Шпион кивает и подсовывает трясущийся окровавленный палец. Она небрежно облизывает его, затем подписывает последнюю страницу, божественным повелением ставит печать, закрывает папку. И объявляет приказ:
– Начинай готовиться к путешествию в Гвердон. Ты будешь сопровождать в пути еще одного агента и обеспечишь его прибытие.
– Кто этот агент?
– Святой моего брата. Избранный Ткача Судеб.
Он делано разозлился. И профессионально огрызнулся:
– Тяжеловато будет нелегально провезти в город вашего разведчика, если у него восемь ног.
– Ребенок все… – Богиня что – едва заметно замешкалась? Будто отведала горечи? – еще человек. По исполнении, верно, получишь дальнейшие указания.
– Постойте! – бросает шпион. – А моя оплата?
– Золотые монеты, по одной за…
– Только не золотые. Золото рухнуло в цене с тех пор, как ваш Благословенный Бол принялся превращать своих противников в золотых истуканов. Нет, мне пожалуйте гвердонского серебра. – Плевать было шпиону на деньги, но это отвлекало богиню от привкуса крови.
– Тебе будут платить золотом, – молвит она. – Пока не докажешь, что особо полезен.
– Что от меня требуется?
Богиня уже уходит, ее завершающий ответ причудливо раздвоен.
– С вами свяжутся по прибытии, – сообщает Исиги, и в тот же миг, теми же устами:
– Война, – изрекает богиня. – Война священна.
И на этом Пеш отбывает и остается одна Исиги. Капитан обмякает, когда ее тело ужимается до смертных пропорций, морда дробится, принимая человечьи черты. Она на ощупь достает из-под стола заляпанное кровью полотенце и промакивает лицо – оно в открытых ранах.
– Выметайтесь, Барадин, – приказала она, не глядя. – Лейтенант проводит вас назад к лестнице.
Полог откинулся, и внутрь несмело заглянул лейтенант. Он ахнул при виде ран на лице Исиги, пота и крови на ее голой коже. Поспешил к ней.
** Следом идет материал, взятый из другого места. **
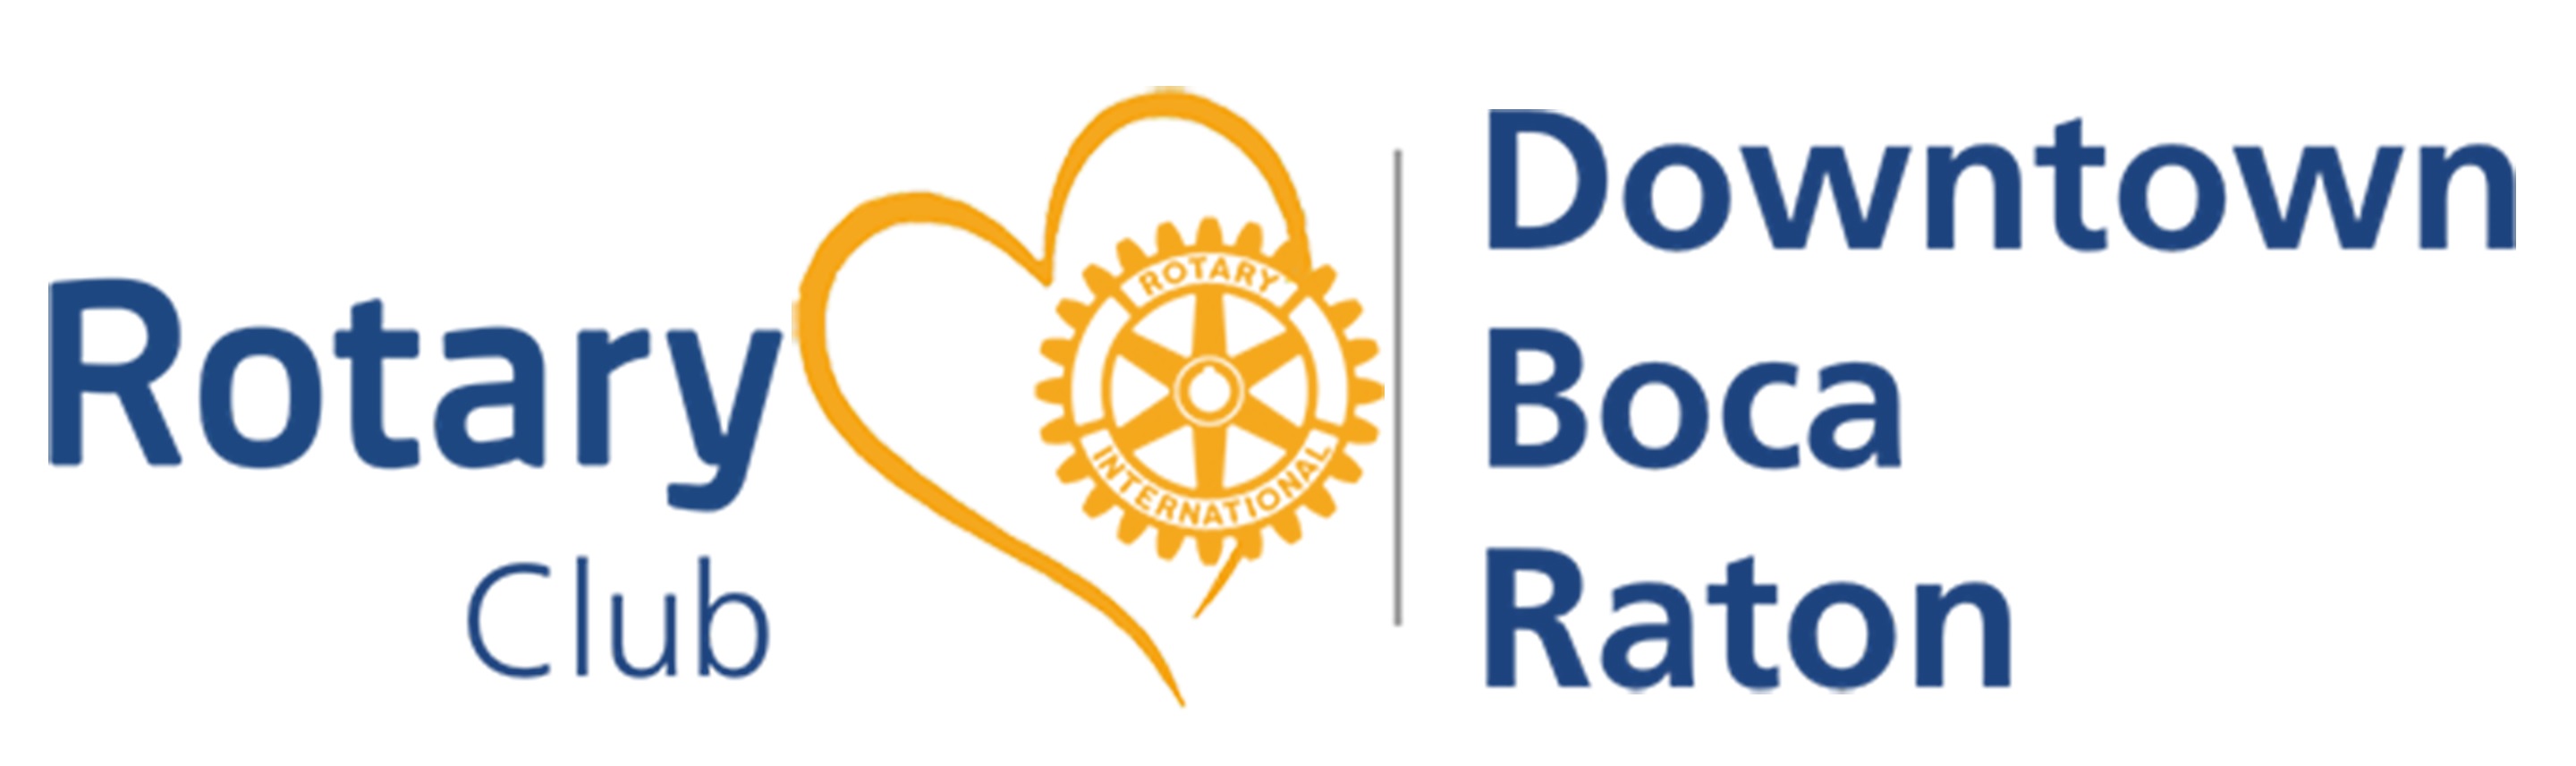 10 Rotary Club of Downtown Boca Raton

– Ничего, – бормочет шпион, – я сам себя провожу.
Прежде чем ишмирские офицеры успели возразить, он ускользнул наружу и быстро двинулся вдоль черной линии, склонив голову, отстранившись от расквартировки захватчиков. Разметка привела его на край райской тверди, и он начал спуск по огненной лестнице обратно, туда, где обретается смертный мир.
На полпути он вытащил из-под рубашки украденное с блюда сердце и выбросил его вниз, в далекий океан. Начисто вытерся, потом, разорвав ткань, наспех сварганил перевязку.
Богиня поцарапала, но крови его не вкусила.
Ей не познать, кто он.
Глава 1
Если бы у Сангады Барадина был сын, то его кости лежали бы сейчас где-нибудь в развалинах Севераста. Может статься, проклятье богатства, насланное Благословенным Болом, превратило бы его в кричащее золото, или его проткнула бы пика из лунного света. Даже если бы он пережил вторжение, то, вероятно, был бы убит в дикой жертвенной оргии, когда банды боевых жрецов прочесывали улицы, вырезая целые районы согласно похоронным обрядам того или иного бога. Шпион видел, как святоши толкали изукрашенные резьбой баки – из переполненных резервуаров выплескивались морская вода и кровь, в них людей топили, поклоняясь Кракену. Для Благословенного Бола братские могилы усыпались монетами. Царицу Львов чтили каннибальскими пиршествами. Даже нашелся способ ускорить небыстрое бальзамирование Ткача Судеб – мумификация проходит чересчур долго, но импортные гвердонские алхимические консерванты могли за минуты сотворить то, на что в Папирусных Гробницах уходили годы.
Если бы у Сангады Барадина был сын, то мальчик был бы мертв.
Но хотя шпион и не Сангада Барадин, а мальчик в одной с ним каюте – не его сын, в течение этого путешествия с южных земель в Гвердон он звался Барадин, а мальчуган – Эмлин. Малому где-то одиннадцать или двенадцать, однако изредка из глаз его выглядывало нечто куда более старое.
Когда его представили шпиону, у мальчика не было имени. Его имя забрали в Папирусных Гробницах.
Сангада нарек его Эмлином. Это означало «паломник» на языке Севераста.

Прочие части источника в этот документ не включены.